Wheat – US cents per bushel
China faces a challenging harvest season against the backdrop of soaring energy prices and power shortages. The original expectation of growing production has come under threat, following concerns that the country may struggle to harvest crops, such as corn and soybeans. The autumn harvest in the world’s agricultural producer has begun as the country faces power shortages in many industrial centres. The northeastern provinces such as Jilin, Liaoning and Heilongjiang, where about half of China’s corn and soybeans are grown, are among the most affected by the power rationing. In recent weeks, several plants, such as soybean processors, had to shut, or reduce output, to conserve electricity. Any delays in the processing of the crops could also see a deterioration in quality and the raw material go to waste. The recent development is also likely to wreak havoc with the Chinese leadership’s ambitions for less reliance on imported food supplies as part of the dual-circulation policy.
During the last twelve months, a domestic shortage has forced China to import record volumes of agricultural products, pushing prices and global food costs to multiyear highs. With no end in sight for the energy shortage and the time lag involved in the restocking of the coal inventories, any plans to reduce the import of agricultural commodities are likely to face postponement. Chinese buyers’ continued robust demand for imported grains and oilseeds will also increase the risk of global food prices drifting ever higher as demand keeps growing.
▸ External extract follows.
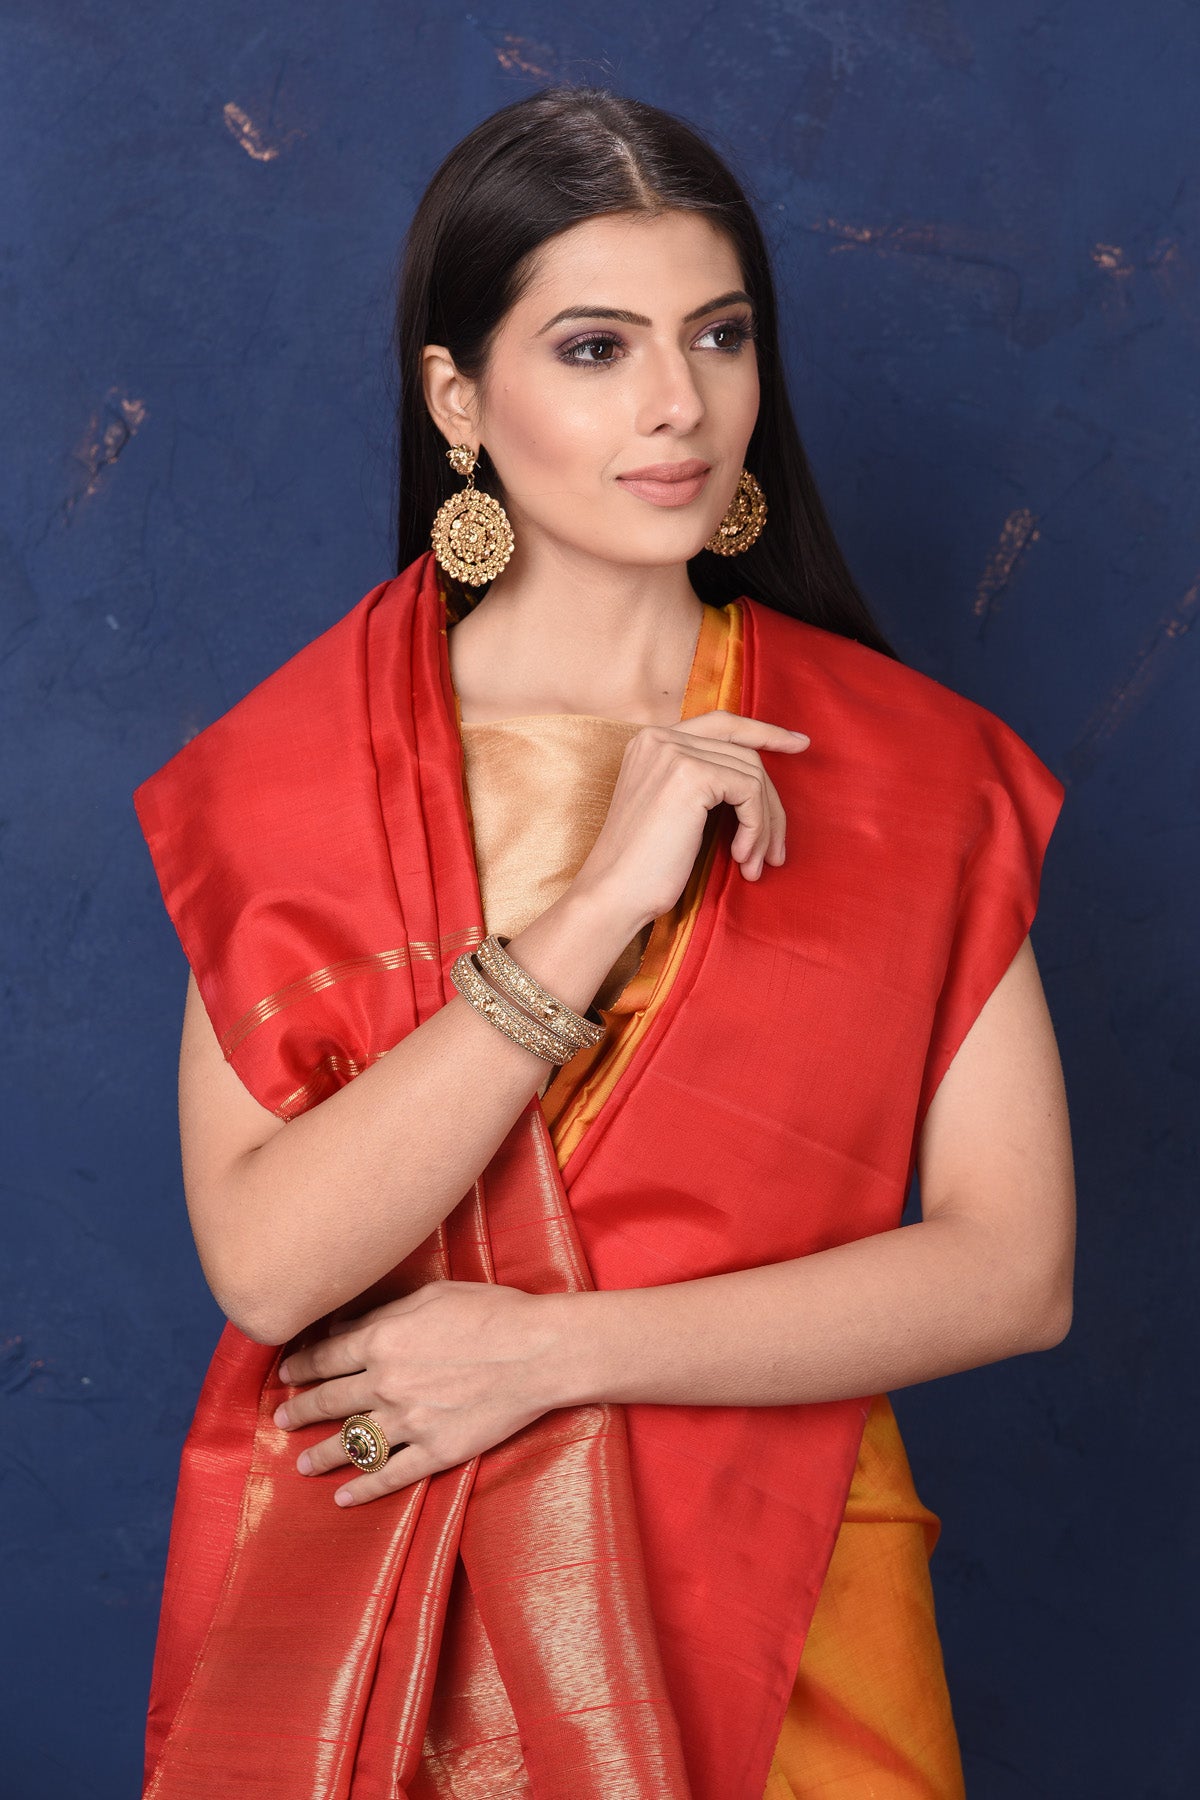 Buy beautiful orange Kanjivaram silk saree online in USA with red temple border. Flaunt your ethnic style at weddings and festive occasions in exquisite Indian sarees, Kanjeevaram sarees, handloom sarees, designer sarees, embroidered sarees from Pure Elegance Indian saree store in USA.-closeup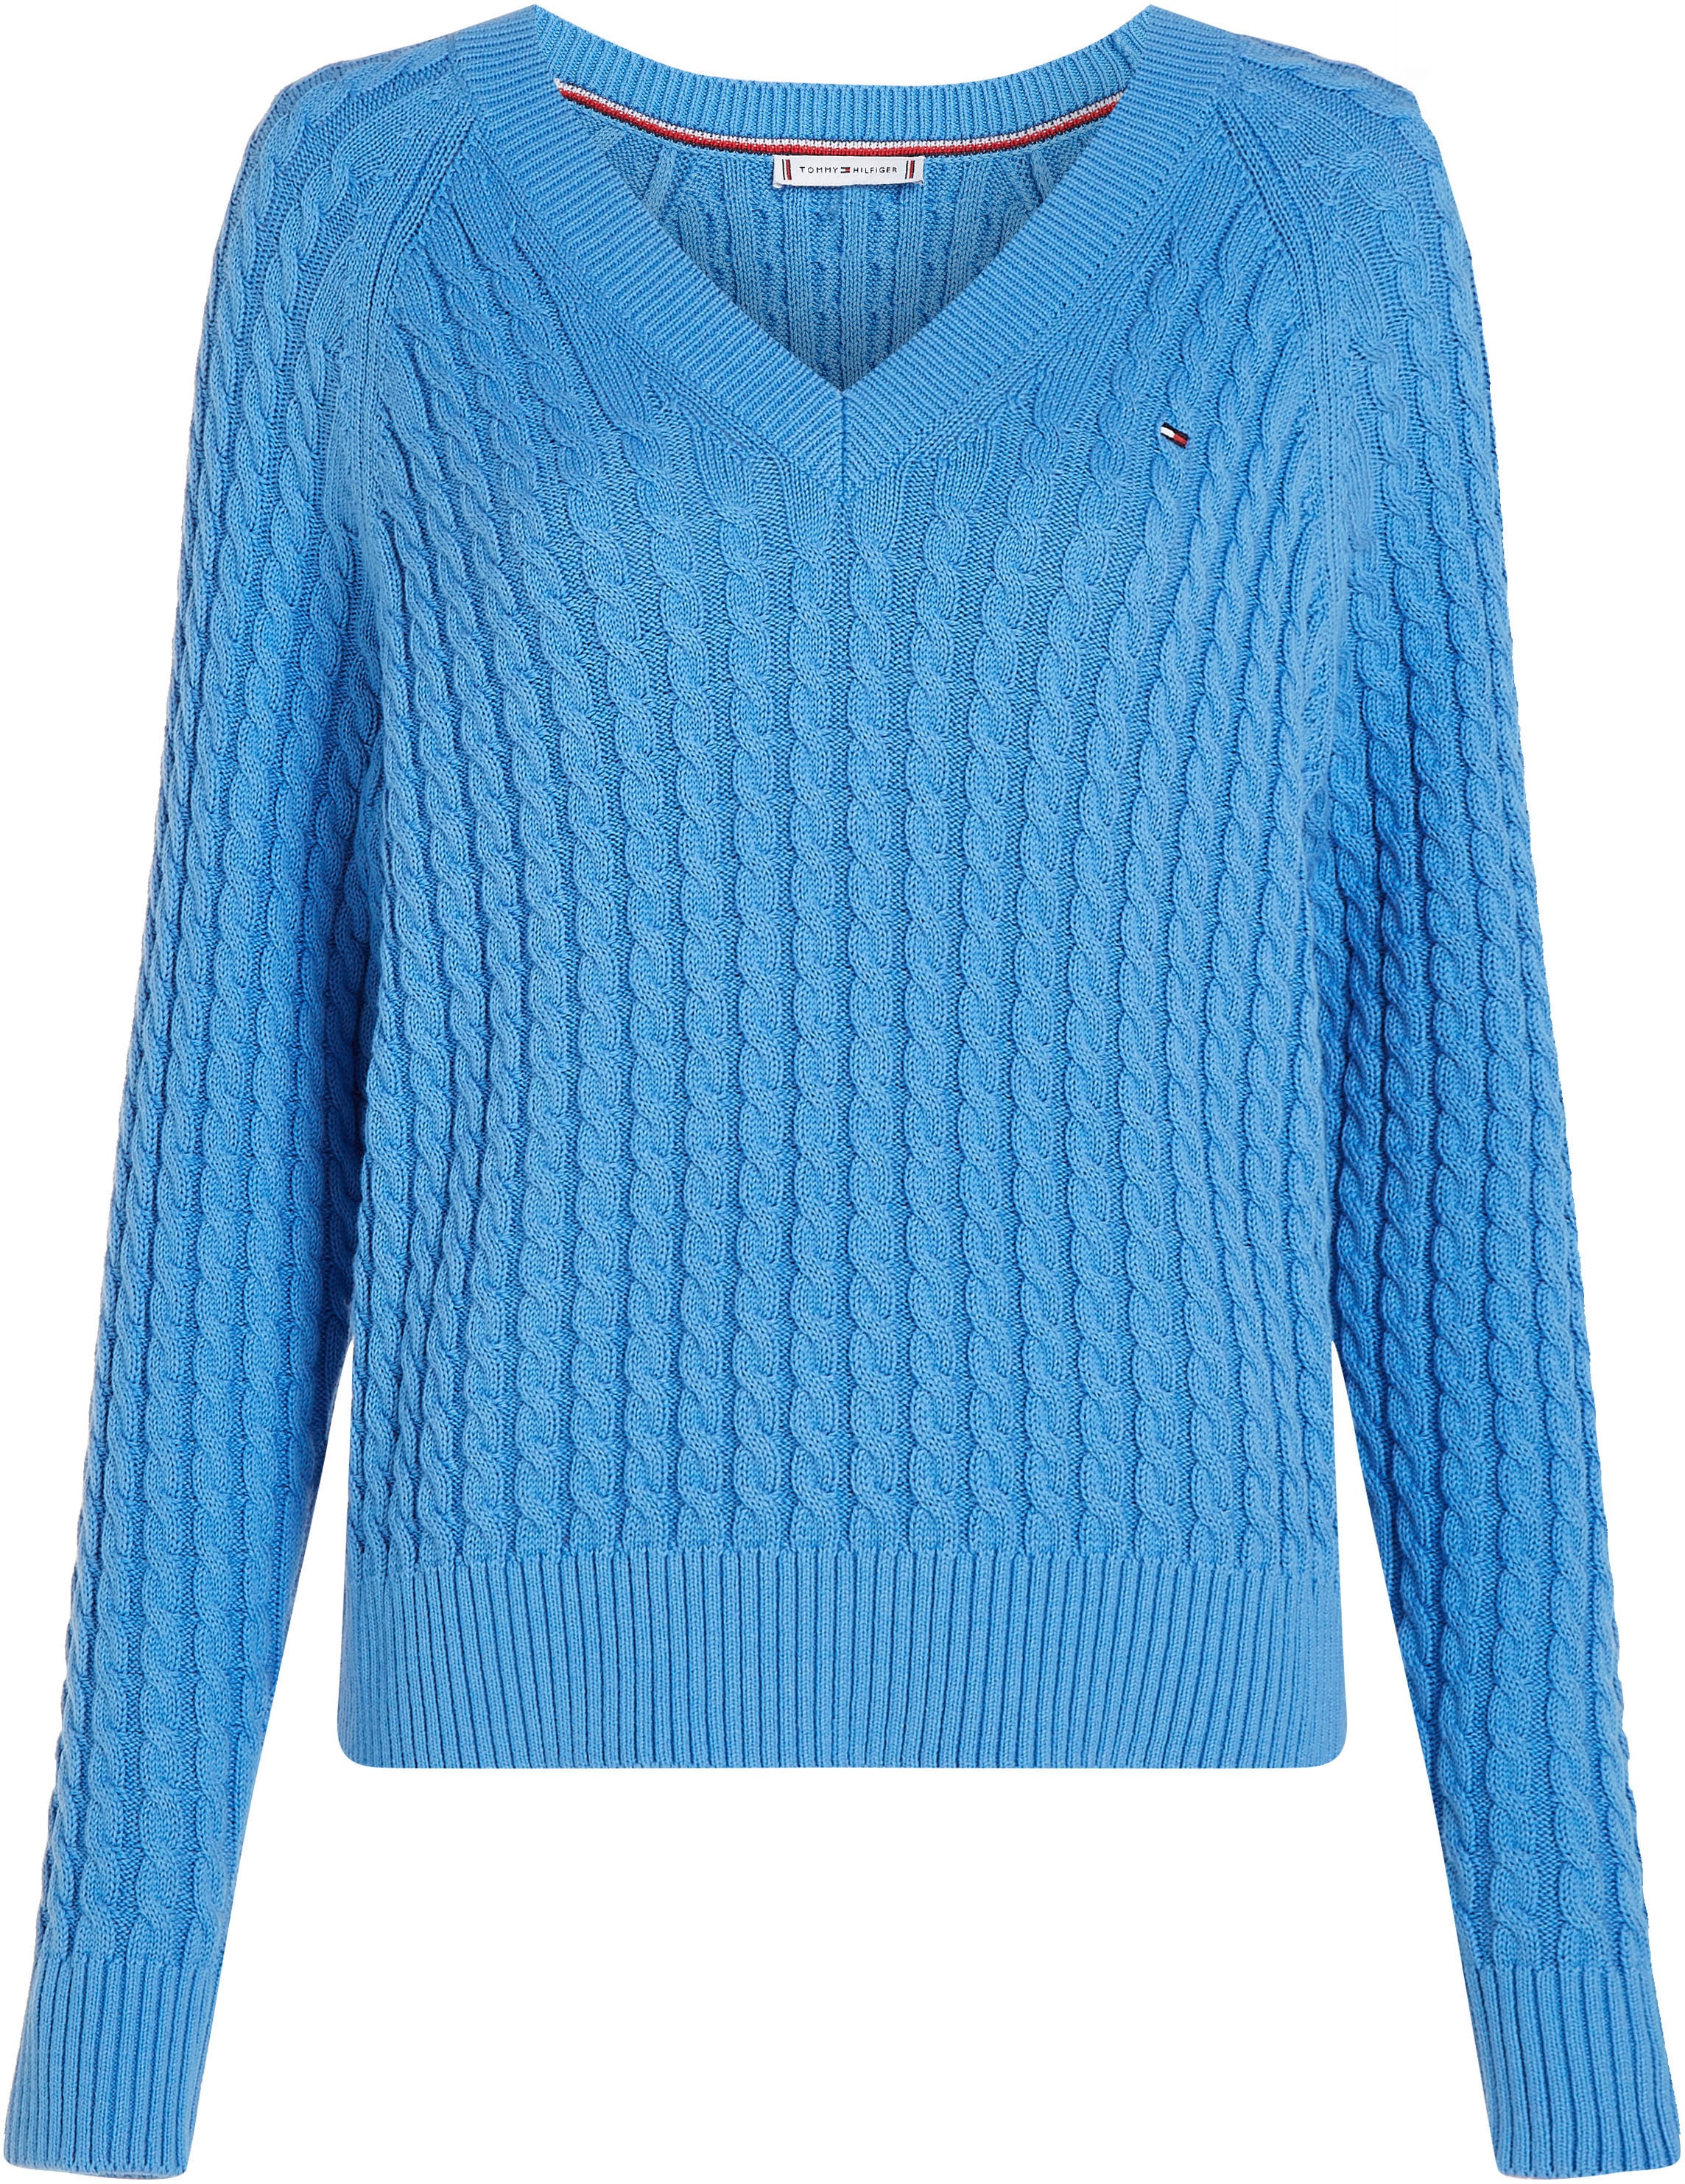 mit CABLE online »CRV SWEATER«, V-Ausschnitt-Pullover OTTO V-NK Hilfiger Curve bei Tommy Logostickerei CO

On the other side of the Pacific, US farmers are facing different challenges. The lingering impact of Hurricane Ida in the Gulf of Mexico has kept disrupting port operations, with congestion remaining high and creating bottlenecks in the supply chain inland. In addition, the collapse of a crane in Grays Harbor, which handles approximately twenty per cent of the soybean meal shipments from the US West Coast, is adding to the global supply chain disruptions. The crane repairs are expected to take several months, with vessels initially diverted to a grain terminal in Longview, Washington. The late September incident also saw an increase in congestion on the US West Coast.
The last year has seen US agricultural exports to China surging. While the aggregate year to date numbers remain impressive, much of the shipments took place during the first quarter. During the last two quarters, monthly import volumes have remained stable at around 3.5 million tonnes. However, as the fourth quarter progress, it can be expected that the numbers will pick up as the new harvest reaches the Chinese ports. The disruptions in the US ports, combined with extensive congestion around the Chinese ports, may increase import volumes later than last year. There are also concerns that China is failing to live up to its commitments under the Phase One trade agreement, with the US Trade Representative, Katherine Tai, set to bring up the subject with Chinese Vice Premier Liu He. As of August, Chinese imports of US agricultural products were 30 billion dollars short of the full-year goal of 80 billion dollars.
With less domestic production than expected as the energy crunch hits, Chinese seaborne imports of grains and oilseeds are likely to increase in the coming months. The renewed pressure from the US administration regarding the commitments under last year’s trade deal and the seasonal reduction in shipments from Brazil should benefit the US farmers. For dry bulk shipping, it will contribute to the continued tight supply situation, as the long distances involved ties up tonnage for extensive periods.